A total of 445 people with type 2 diabetes who was diagnosed as DKD in the Department of Endocrinology of Beijing Pinggu Hospital between January 1st 2003 and December 31st 2013 were enrolled into the study and took the specific questionnaire (Additional file 1). In our study, DKD was defined as persistent albuminuria (≥30 mg/g or ≥ 20 μg/min) that was confirmed on at least two occasions 3–6 months apart without clinical or laboratory evidence of other kidney diseases. The electronic medical records were sources of demographic and clinical information. The participants were followed from inclusion until December 31st, 2015. As of that date, vital status was known for all individuals. Deaths were identified by participant contacts, the Social Security Death Index, or hospital reports, and then confirmed by death certificates. Attempts were made to obtain medical records surrounding the death, autopsy/coroner’s reports, and interview with next of kin regarding the circumstances surrounding the death, as appropriate. Cause of death was classified according to the WHO ICD-10 (www.who.int/classifications/icd/en/) into eight categories: circulatory disease I00-I99; respiratory diseases J00-J99, diabetes-related complications E10-E14, cancers C00-C97, infectious diseases A00-B99, end-stage renal diseases N17-N19, injuries V01-Y98 and others. Diabetes-related complications include diabetes with coma, ketoacidosis, renal complications, peripheral circulatory complications, multiple complications, or unspecified complications.

Other clinical and demographic measures

The clinical status was evaluated when participants were admitted. Detailed anthropometric measurements were collected by trained nurses, adhering to standardized techniques. Height was measured using a stadiometer, and weight was measured using an electronic scale. The body mass index (BMI) was calculated as weight in kilogram divided by the square of the height in meters. Blood pressure was measured twice with a mercury sphygmomanometer, in the sitting position, and was rounded to the nearest 2 mmHg. The average readings were recorded.

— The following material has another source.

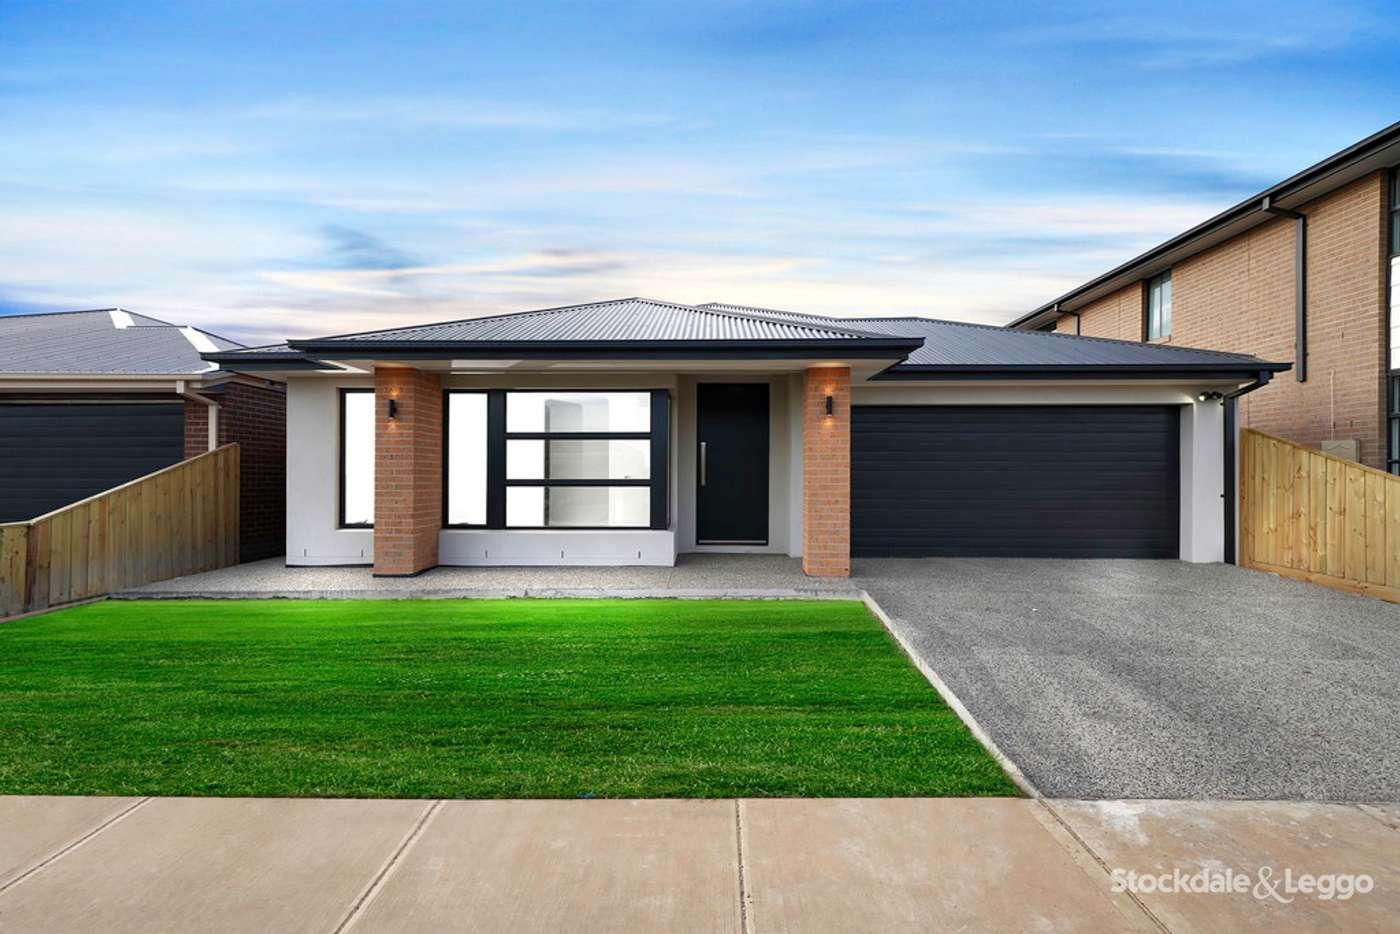 Main view of Homely house listing, 18 Mandrake Street, Tarneit VIC 3029

Venous blood samples were taken by nurses after an overnight fast for 8-10 h. Fasting levels of serum creatine, total cholesterol, triglycerides, high-density lipoprotein cholesterol (HDL), and low-density lipoprotein cholesterol (LDL) were measured using an autoanalyzer (Beckman Coulter chemistry analyzer AU5800 series, Miami, FL).

HbA1c concentration was measured by high-pressure liquid chromatography (D-10 Hemoglobin Testing System, Bio-Rad Laboratories, Inc., Schiltigheim, France), and the assay was aligned with the Diabetes Control and Complications Trial. The intra-assay coefficient of variation (CV) for HbA1c was 0.78 and 0.46%, and the inter-assay CVs for HbA1c were 0.52 and 0.53% at mean values of 5.70 and 9.40%, respectively.

Peripheral vascular disease was screened using ultrasonography of lower extremity artery (GE Medical Systems Ultrasound, LOGIQE9, GE Healthcare, Germany). Diabetic retinopathy was screened using non-mydriatic retinal camera (TRC-NW300, TOPCON, Japan) or digital fundus camera (Visucam 224, ZEISS, Germany).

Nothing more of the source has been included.